Michal Soltys <msoltyspl@xxxxxxxxx> · Wed, 20 May 2020 22:29:29 +0200

On 20/05/13 08:31, Chris Dunlop wrote:
Hi,

"Me too!"

We are seeing 256-byte corruptions which are always the last 256b of a 
4K block. The 256b is very often a copy of a "last 256b of 4k block" 
from earlier on the file. We sometimes see multiple corruptions in the 
same file, with each of the corruptions being a copy of a different 256b 
from earlier on the file. The original 256b and the copied 256b aren't 
identifiably at a regular offset from each other. Where the 256b isn't a 
copy from earlier in the file

I'd be really interested to hear if your problem is just in the last 
256b of the 4k block also!

From what I have checked - in my case it has always been full 4k page.

I'll follow the suggestion by Sarah in the other part of this thread and 
enable pagealloc debug options and then put the machine/disks under load 
- so I'll keep an eye if something like you described happens.
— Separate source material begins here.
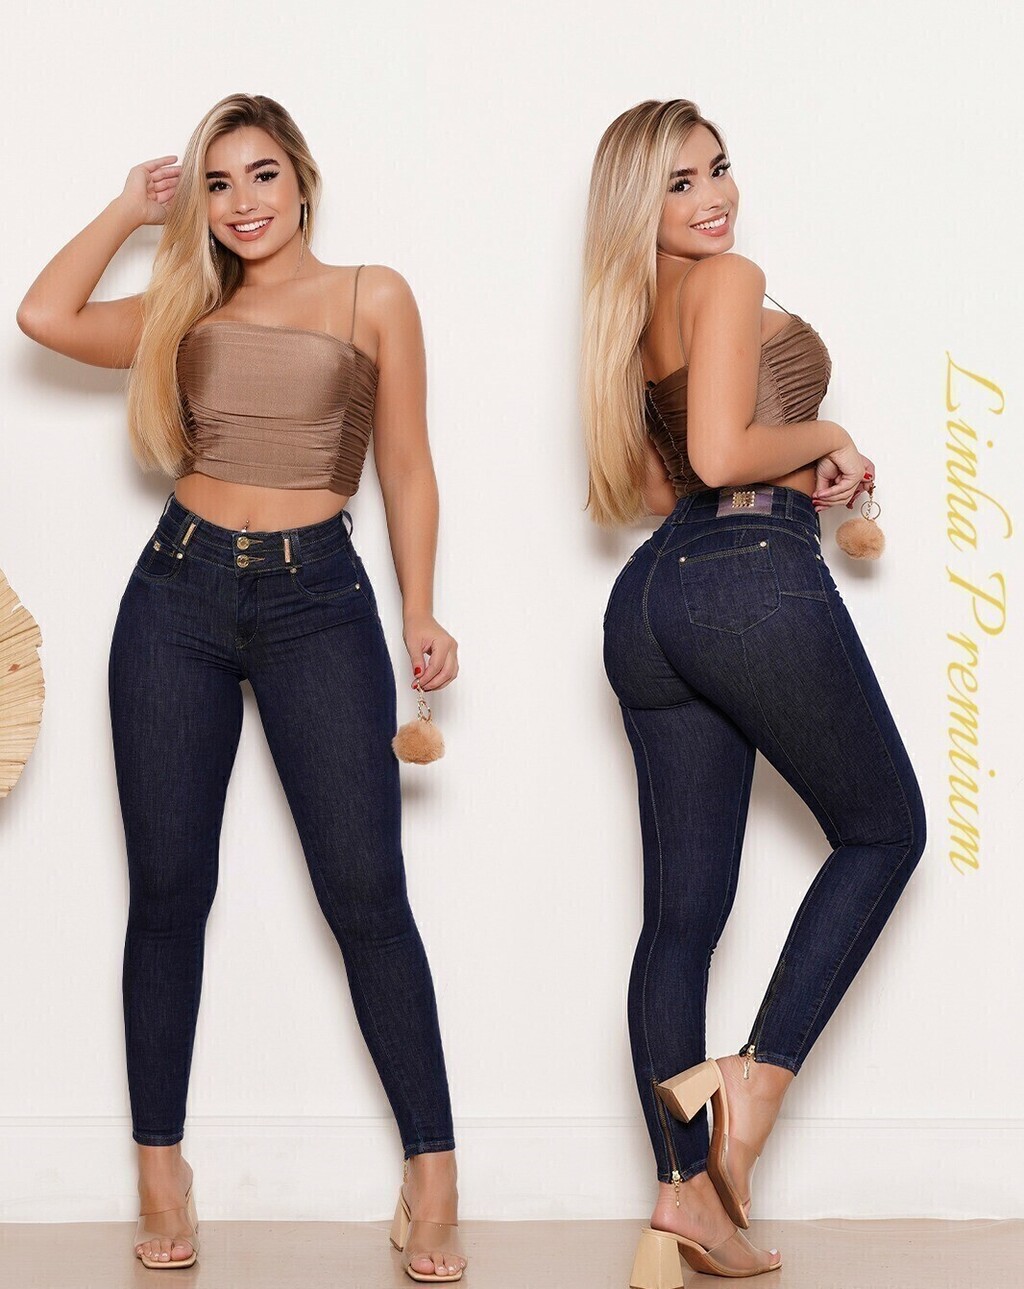 Calça jeans Ri19 - Coleção premium cód. 75575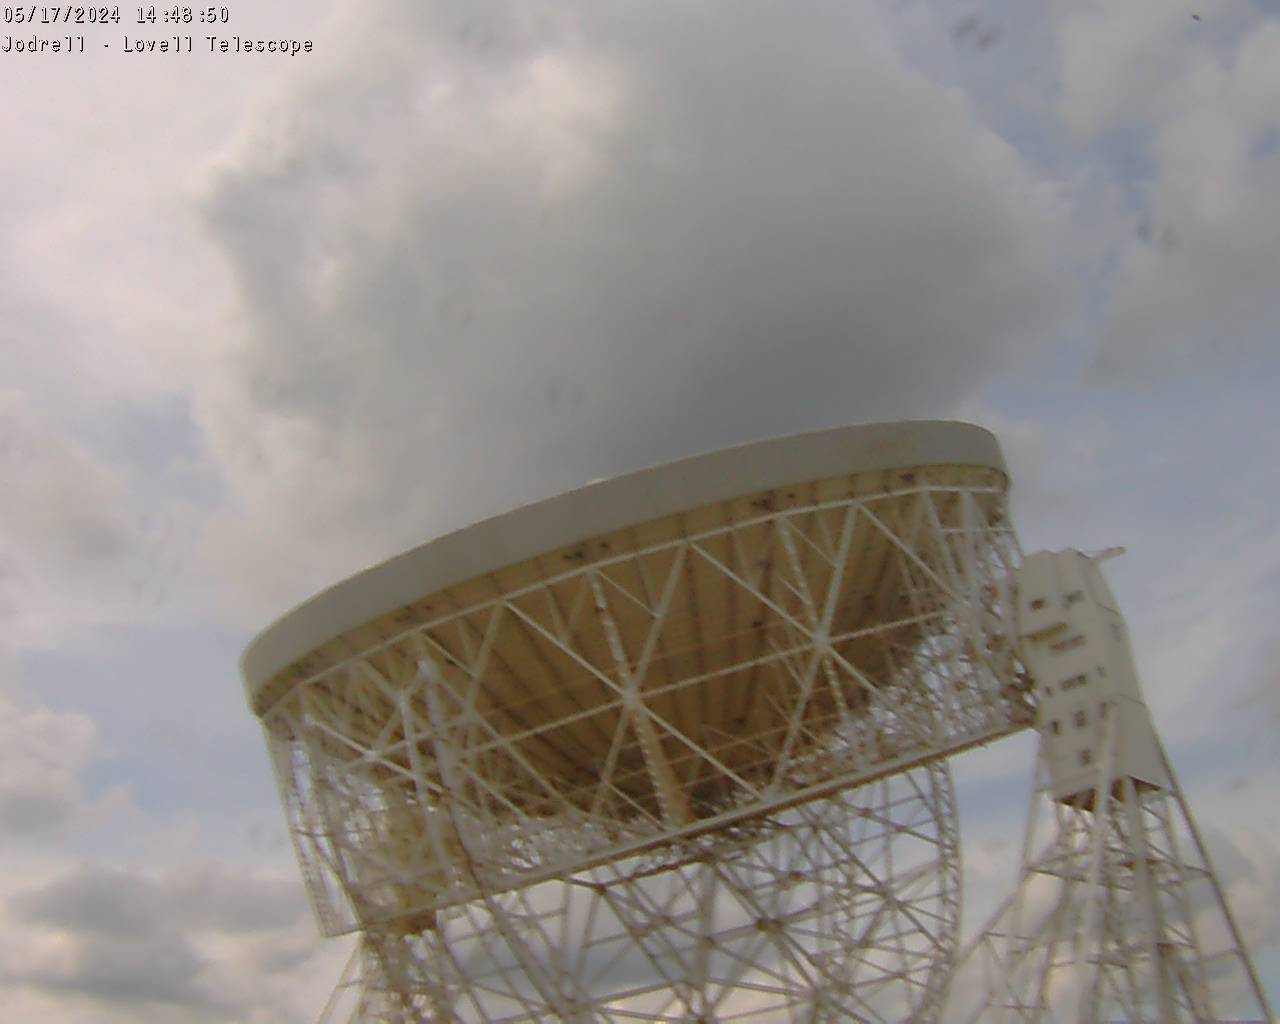 Observatorio Jodrell Bank Sáb. 14:49

This will have to wait a bit though, as I have another bug to hunt as 
well - as journaled raid refuses to assemble, so with help of Song I'm 
chasing that issue first.

If not for btrfs, we probably would have been using the machine happily 
until now (blaming occasional detected issues on userspace stuff, 
usually some fat java mess).

Thanks for detailed explanations of what happened in your case (and the 
span of kernel versions in which it does happen is scary). The hardware 
indeed looks strikingly similiar.